— У Николая Семёновича вечером нужно сменить повязку, — сказал я. — Если жар поднимется снова, проверьте отток и края раны. Опий давайте прежней малой дозой, дыхание считайте до и после.
— Я помню, — ответил Лебедев. Он одёрнул камзол и обратился к Ивану Сергеевичу: — Борис Петрович живёт в моём доме и работает со мной. Куда послать человека с одеждой и кому подать прошение?
— Когда место пребывания можно будет сообщить, вас уведомят. Одежда ему пока не понадобится.
Последняя фраза прозвучала хуже угрозы. Солдаты вывели меня через переднюю. Марья стояла возле кухни, прижимая к груди край передника. В дверях комнаты показался бледный Берестов, которому хватило упрямства подняться после камнесечения. Лебедев рявкнул на него и заставил лечь, сохранив этим хоть какое-то подобие обычного порядка.

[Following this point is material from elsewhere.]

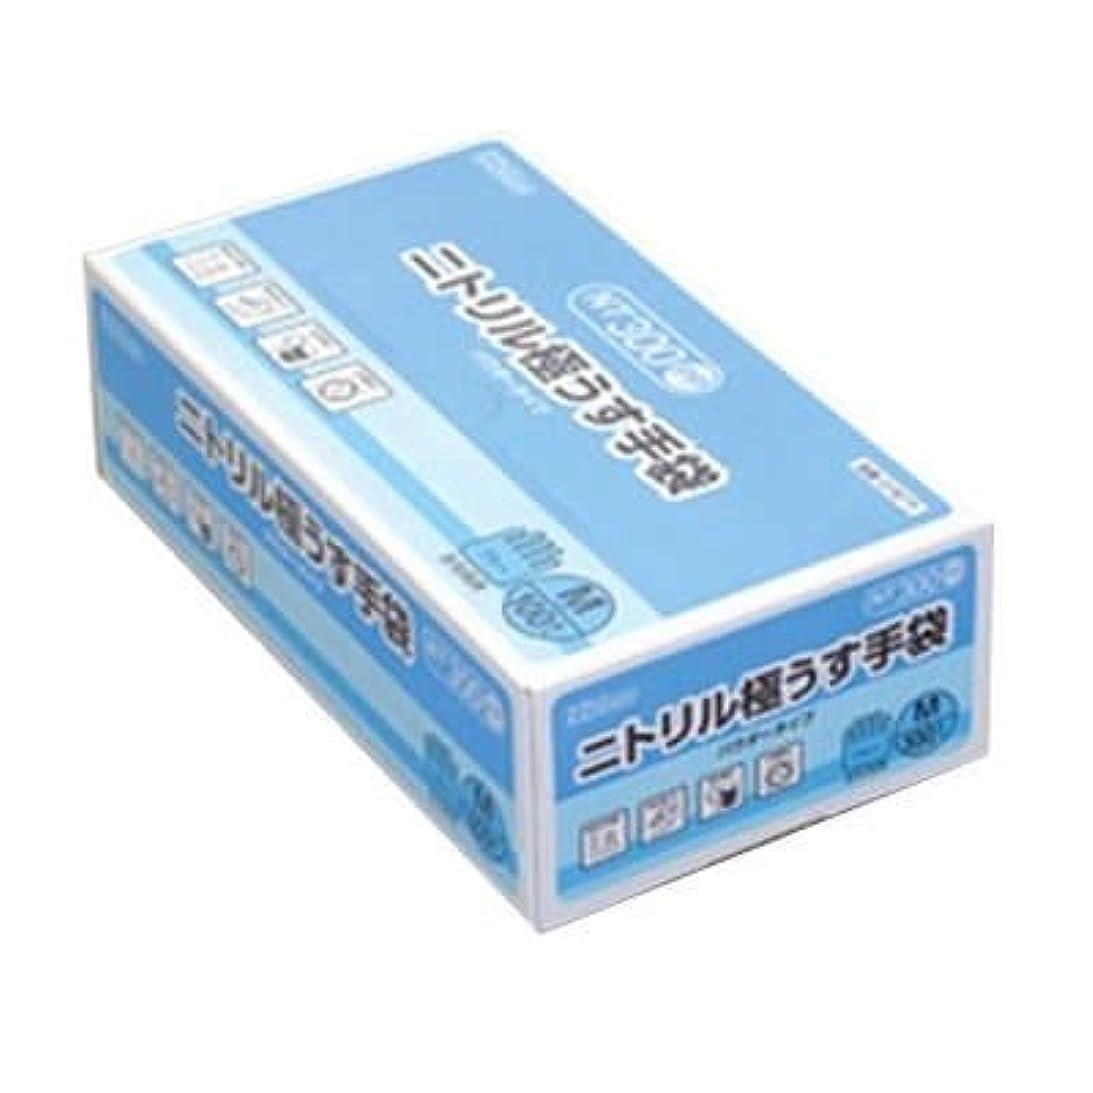 輪郭同化うんざり【ケース販売】 ダンロップ ニトリル極うす手袋 粉付 M ブルー NT-300 (100枚入×20箱)

Во дворе ждала закрытая карета. Чёрные стенки не имели гербов, окна закрывали деревянные ставни. Один солдат забрался внутрь первым, второй подтолкнул меня к ступеньке и сел с другой стороны. Колени упёрлись в чужие шинели, плечи зажали с двух сторон.
Дверца закрылась, снаружи повернулся ключ. Воздух пах мокрой шерстью, кожей и ружейным маслом. Узкая щель над ставней пропускала серую полоску света, по которой нельзя было определить даже сторону движения.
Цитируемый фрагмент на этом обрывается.